# apollo 1



## woof359 (Apr 27, 2003)

i was watching the HBO series "from the earth to the moon " last night and when they showed them closing the hatch on Apollo 1 just before the fire it looked like they had and inner and outer hatch, the outer hatch looked like plastic ?


----------



## Sonett (Jul 21, 2003)

The "outer hatch" you saw was part of the protective cover which remained during the first minute or so after launch in case the emergency escape rocket above was needed. It covered the entire command module.
Hope this helps!


----------



## KUROK (Feb 2, 2004)

That's a wonderful series BTW!


----------



## Rainfollower (Oct 6, 2006)

Info on the Apollo Boost Protective Cover (BPC):

http://www.apollosaturn.com/boost.htm


----------



## woof359 (Apr 27, 2003)

*cover*

i never knew there was a cover over the capsule, thanks for the info.


----------



## djnick66 (May 2, 2008)

woof359 said:


> i never knew there was a cover over the capsule, thanks for the info.

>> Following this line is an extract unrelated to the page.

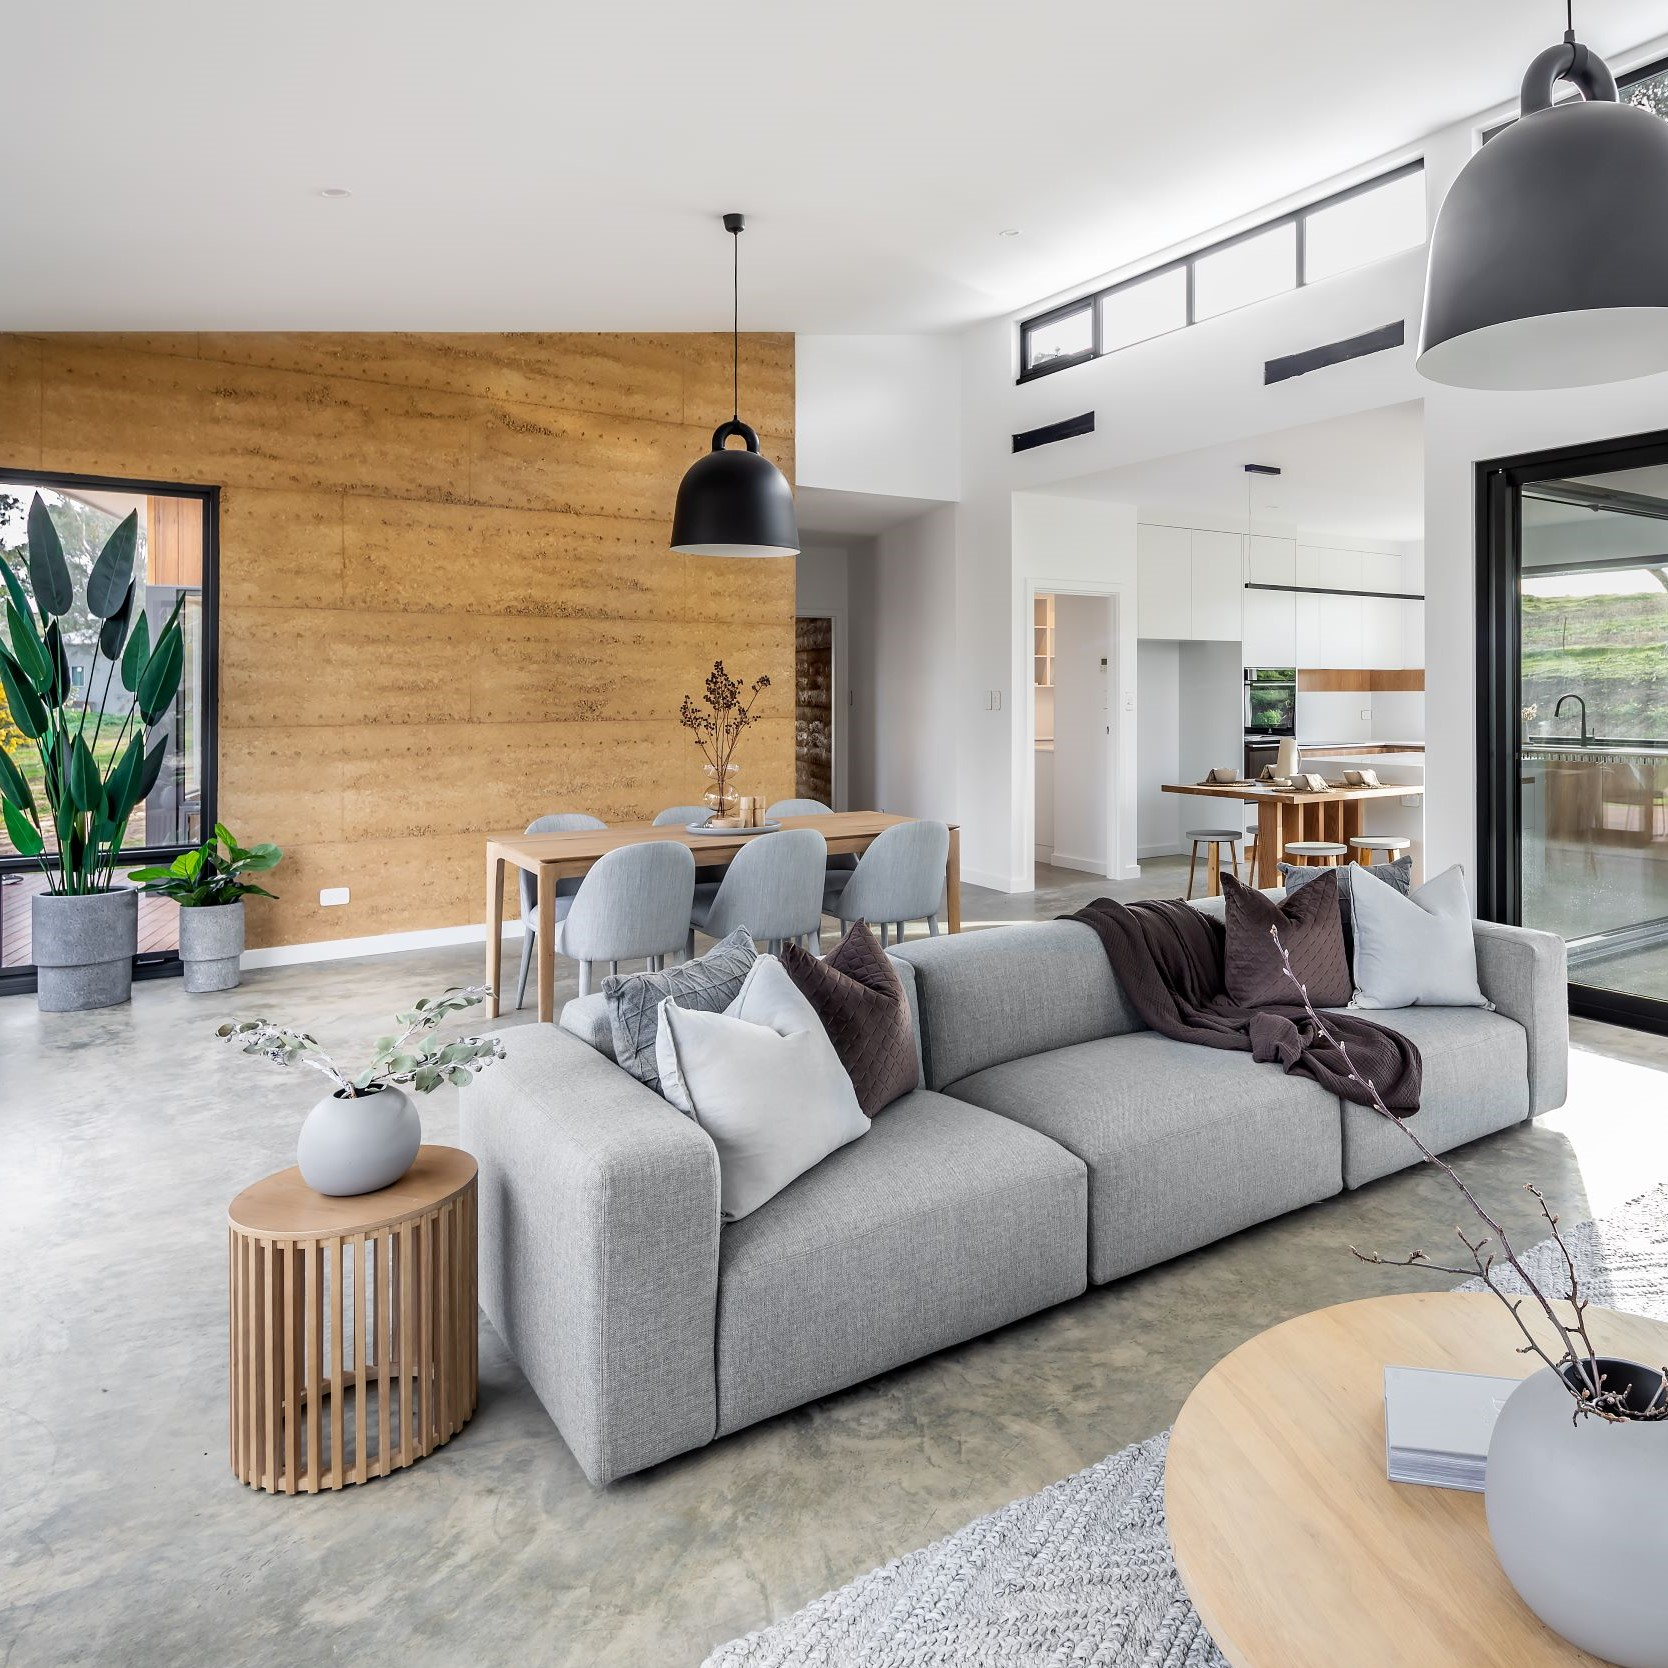 aaron-martin-constructions-dawson-street-project-living-room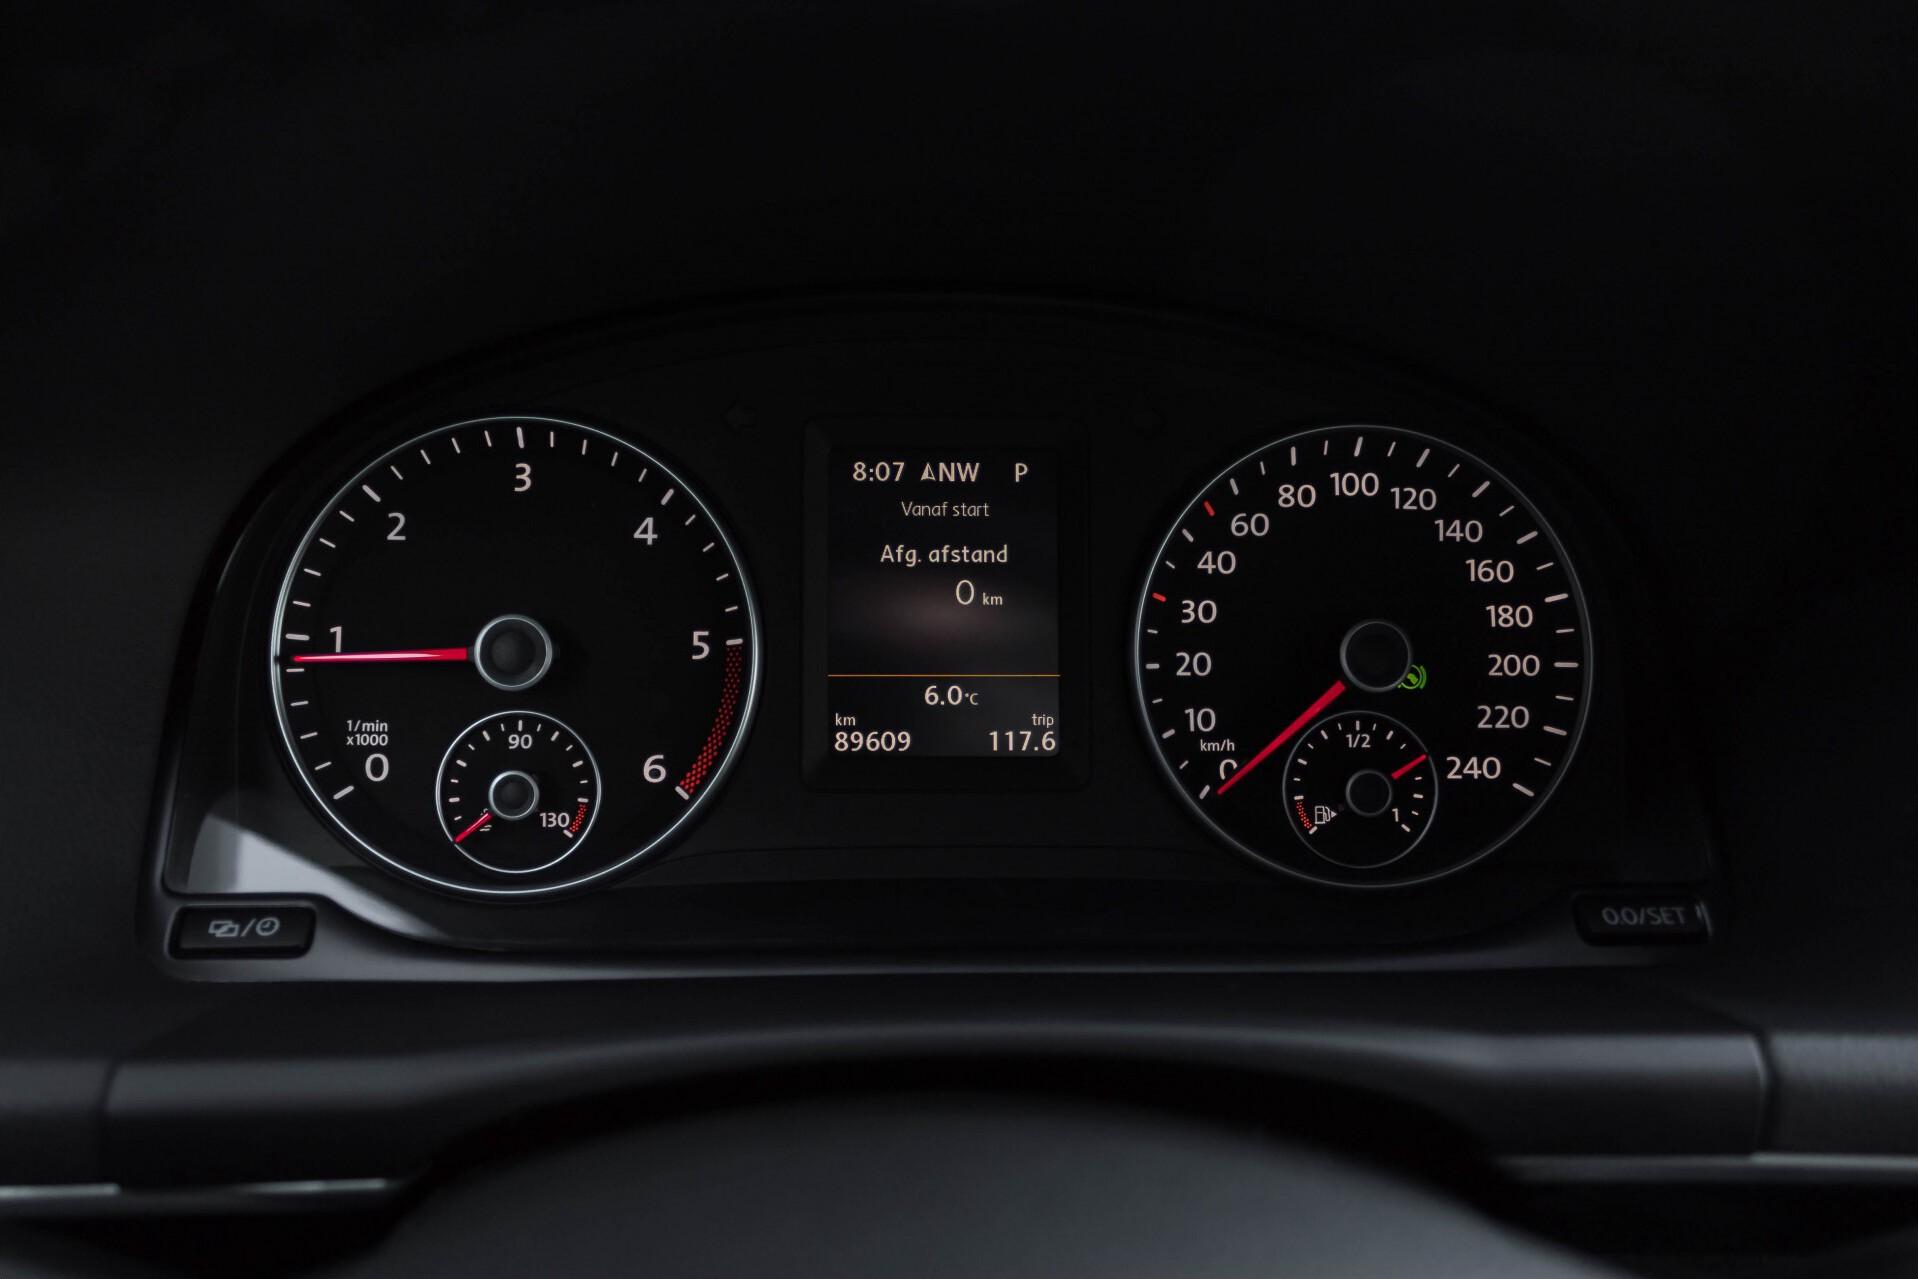 Volkswagen Touran 2.0 TDI Highline 7Persoons 177pk Panorama/Leder/Navi/Camera/Verw-Stln/Trhk/ECC/Xenon Aut Foto 13

Its one of the things Revell screwed up in their 1/48 Saturn V upper stage kit. They have the escape tower fitting directly to the CSM. There should be a conical, capsule shaped cover.


----------



## Sonett (Jul 21, 2003)

Yeah, if that escape rocket was ever fired over a "Revell configuration", it would have been a bad day for everyone!


----------



## f1steph (Jan 9, 2003)

From Earth to the Moon is a fantastic series. I've screen captured several shots for my Gemini 12 capsule project, especially Aldrin's Golden Sleepers witch they showed them pretty clearly. But they screwed up badly for the G12 capsule details, especially the detailing of the ASAS and liquid fuel tank (white sections) were there's no trace of the velcro pieces. It's a must for all 1960's space maniacs..... 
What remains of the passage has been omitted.